Table 14.3 lists the methods of the IAppServer interface, as well as the corresponding methods and events on the provider component and the client dataset. These IAppServer methods include a Provider parameter to indicate which provider on the application server should provide data or resolve updates. In addition, most methods include an OleVariant parameter called OwnerData that allows the client application and application server to pass custom information back and forth. OwnerData is not used by default, but is passed to all event handlers so that you can write code that allows your application server to adjust for this information before and after each client call.

Table 14.3   AppServer interface members

IAppServer	provider component	TClientDataSet
AS_ApplyUpdates method	ApplyUpdates method, BeforeApplyUpdates event, AfterApplyUpdates event	ApplyUpdates method, BeforeApplyUpdates event, AfterApplyUpdates event.
AS_DataRequest method	DataRequest method, OnDataRequest event	DataRequest method.
AS_Execute method	Execute method, BeforeExecute event, AfterExecute event	Execute method, BeforeExecute event, AfterExecute event.
AS_GetParams method	GetParams method, BeforeGetParams event, AfterGetParams event	FetchParams method, BeforeGetparams event, AfterGetParams event.
AS_GetProviderNames method	Used to identify all available providers.	Used to create a design-time list for ProviderName property.
AS_GetRecords method	GetRecords method, BeforeGetRecords event, AfterGetRecords event	GetNextPacket method, Data property, BeforeGetRecords event, AfterGetRecords event
AS_RowRequest method	RowRequest method, BeforeRowRequest event, AfterRowRequest event	FetchBlobs method, FetchDetails method, RefreshRecord method, BeforeRowRequest event, AfterRowRequest event

Choosing a connection protocol

Each communications protocol you can use to connect your client applications to the application server provides its own unique benefits. Before choosing a protocol, consider how many clients you expect, how you are deploying your application, and future development plans.

Using DCOM connections

DCOM provides the most direct approach to communication, requiring no additional runtime applications on the server. However, because DCOM is not included with Windows 95, client machines may not have DCOM installed.

DCOM provides the only approach that lets you use MTS security. MTS security is based on assigning roles to the callers of MTS objects. When calling into MTS using DCOM, DCOM informs MTS about the client application that generated the call. MTS can then accurately determine the role of the caller. When using other protocols, however, there is a runtime executable, separate from the application server, that receives client calls. This runtime executable makes COM calls into the application server on behalf of the client. MTS can't assign roles to separate clients because, as far as MTS can tell, all calls to the application server are made by the runtime executable. For more information about MTS security, see "Role-based security".

Using Socket connections

TCP/IP Sockets let you create lightweight clients. For example, if you are writing a Web-based client application, you can't be sure that client systems support DCOM. Sockets provide a lowest common denominator that you know will be available for connecting to the application server. For more information about Sockets, see "Working with sockets".

Instead of instantiating the remote data module directly from the client (as happens with DCOM), sockets use a separate application on the server (ScktSrvr.exe), which accepts client requests and instantiates the remote data module using COM. The connection component on the client and ScktSrvr.exe on the server are responsible for marshaling IAppServer calls.

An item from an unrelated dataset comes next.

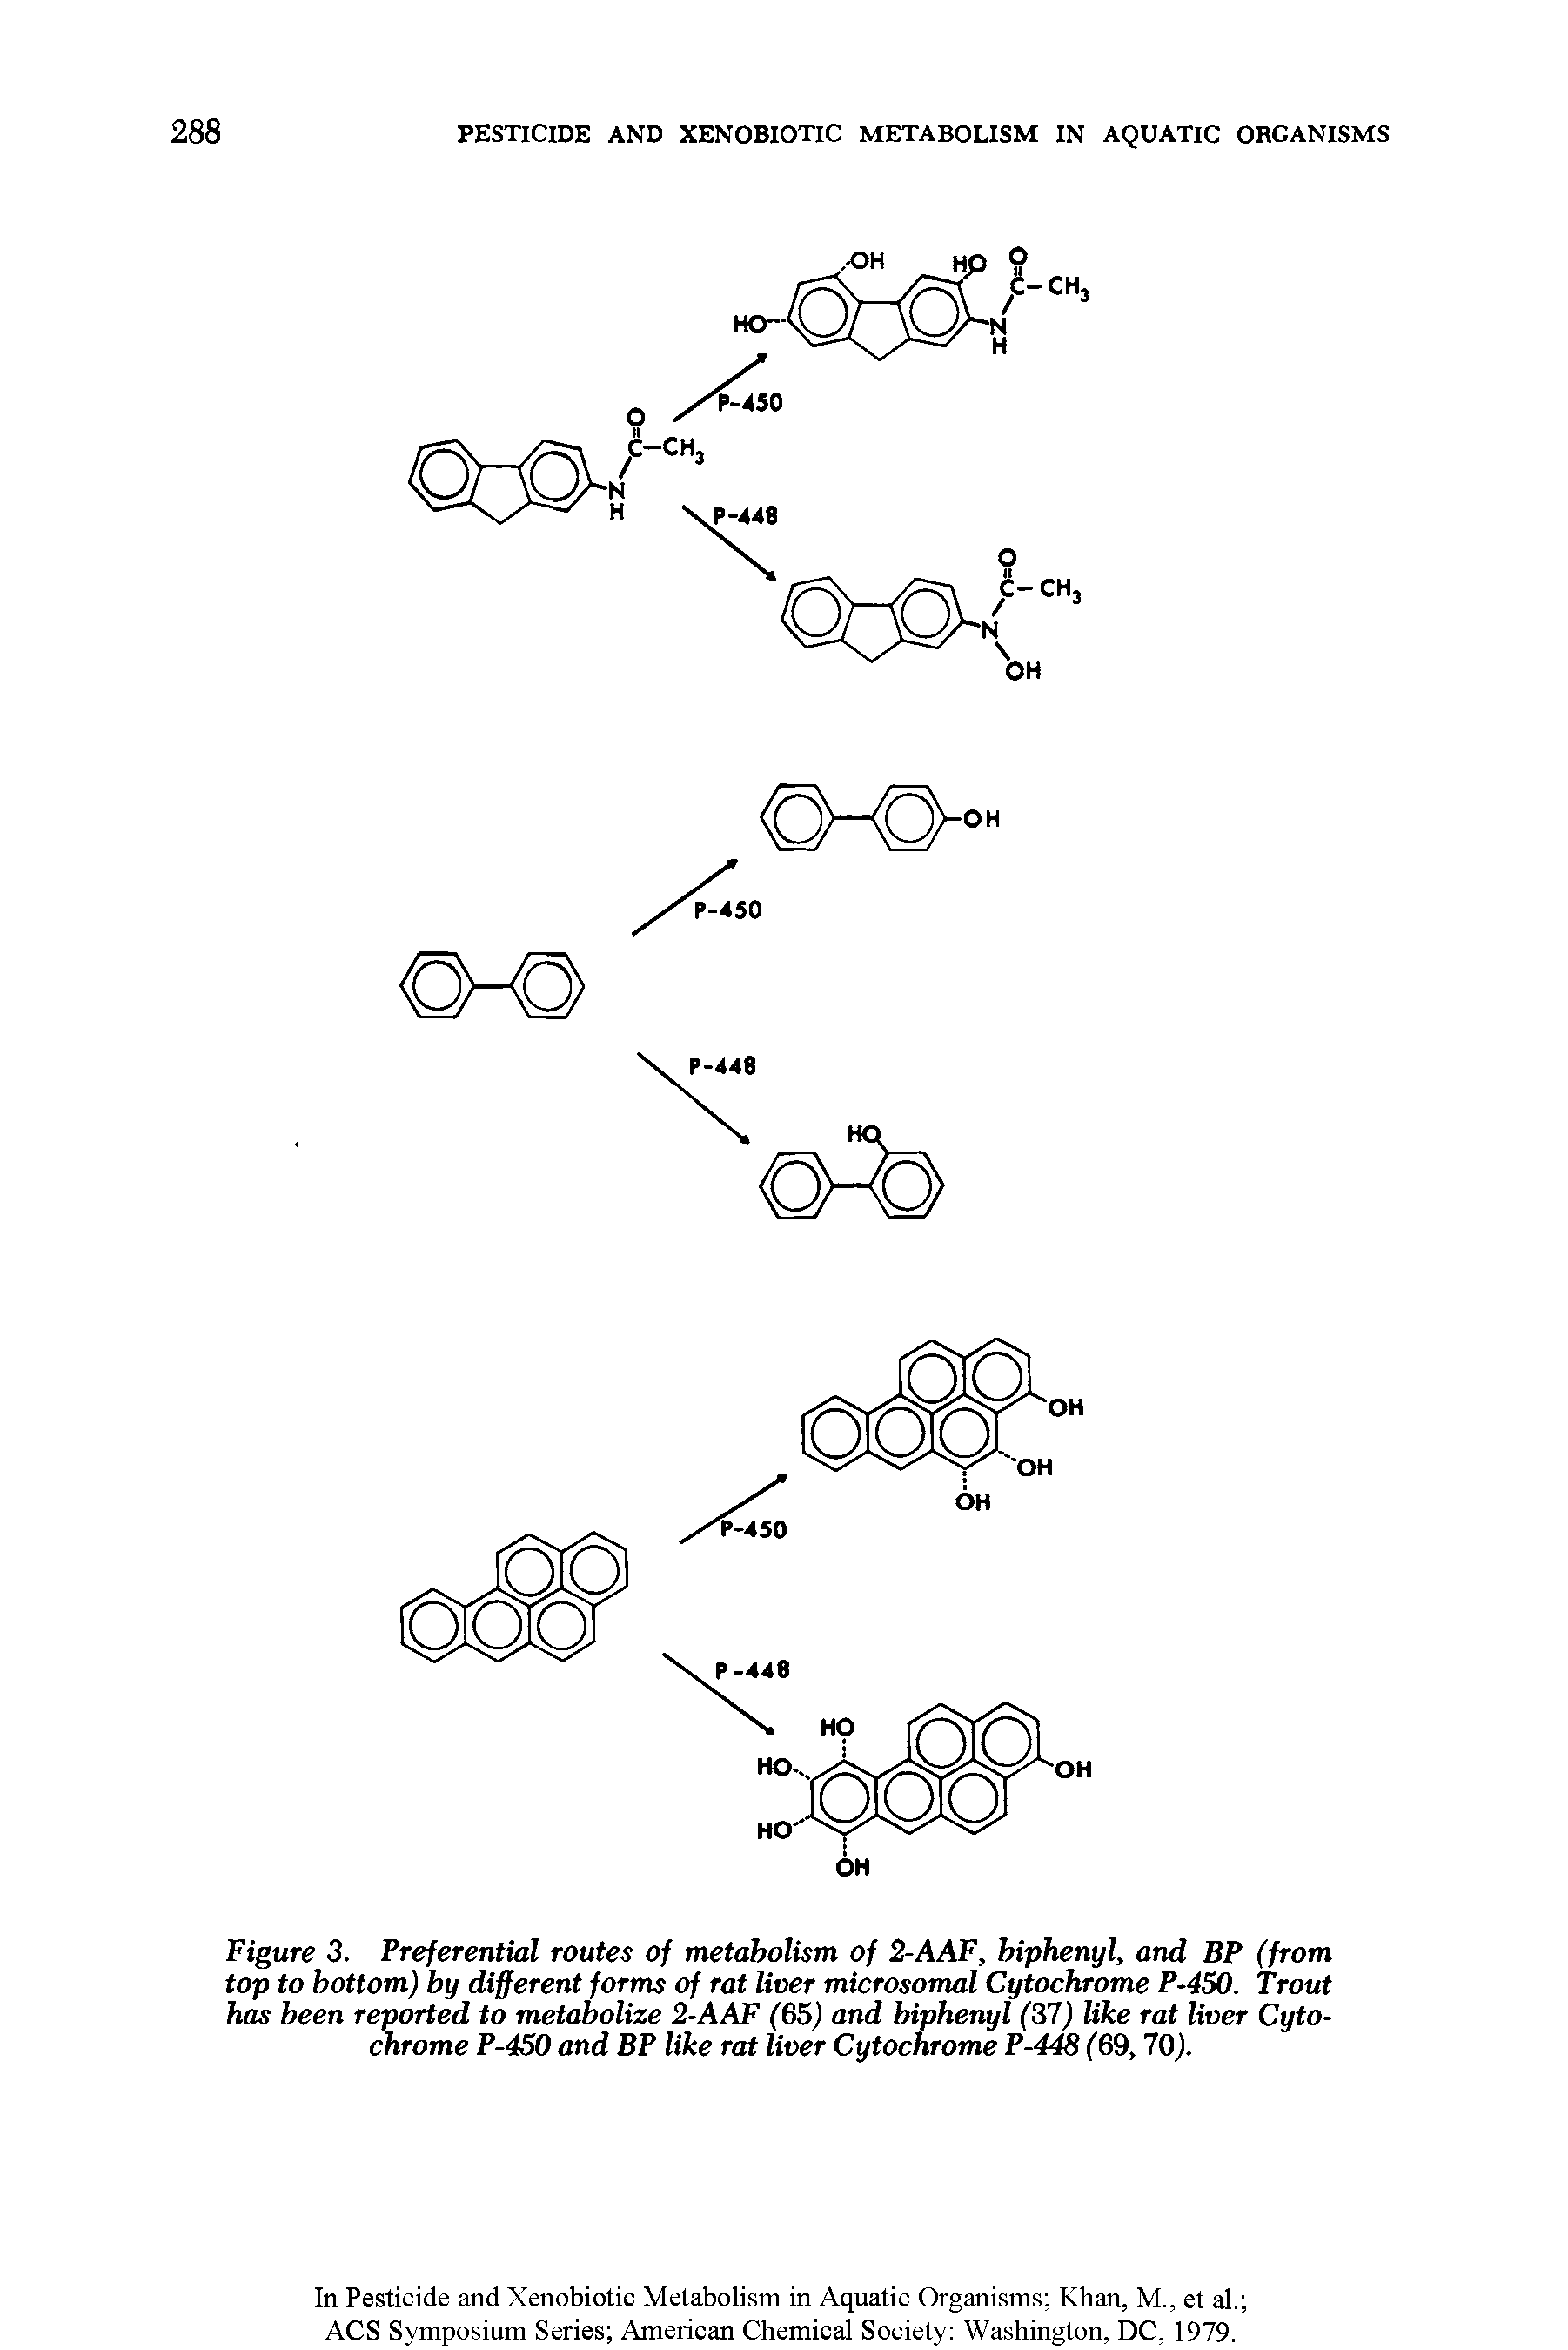 Figure 3. Preferential routes of metabolism of 2-AAF, biphenyl, and BP (from top to bottom) by different forms of rat liver microsomal Cytochrome P-450. Trout has been reported to metabolize 2-AAF (65) and biphenyl (37) like rat liver Cytochrome P-450 and BP like rat liver Cytochrome P-448 (69,70).

Note: ScktSrvr.exe can run as an NT service application. Register it with the Service manager by starting it using the -install command line option. You can unregister it using the -uninstall command line option.

Before you can use a socket connection, the application server must register its availability to clients using a socket connection. By default, all new remote data modules automatically register themselves by adding a call to EnableSocketTransport in the UpdateRegistry method. You can remove this call to prevent socket connections to your application server.

Note: Because older servers did not add this registration, you can disable the check for whether an application server is registered by unchecking the Connections|Registered Objects Only menu item on ScktSrvr.exe.

When using sockets, there is no protection on the server against client systems failing before they release a reference to interfaces on the application server. While this results in less message traffic than when using DCOM (which sends periodic keep-alive messages), this can result in an application server that can't release its resources because it is unaware that the client has gone away.

Using Web connections

HTTP lets you create clients that can communicate with an application server that is protected by a "firewall". HTTP messages provide controlled access to internal applications so that you can distribute your client applications safely and widely. Like Socket connections, HTTP messages provide a lowest common denominator that you know will be available for connecting to the application server. For more information about HTTP messages, see "Creating Internet server applications".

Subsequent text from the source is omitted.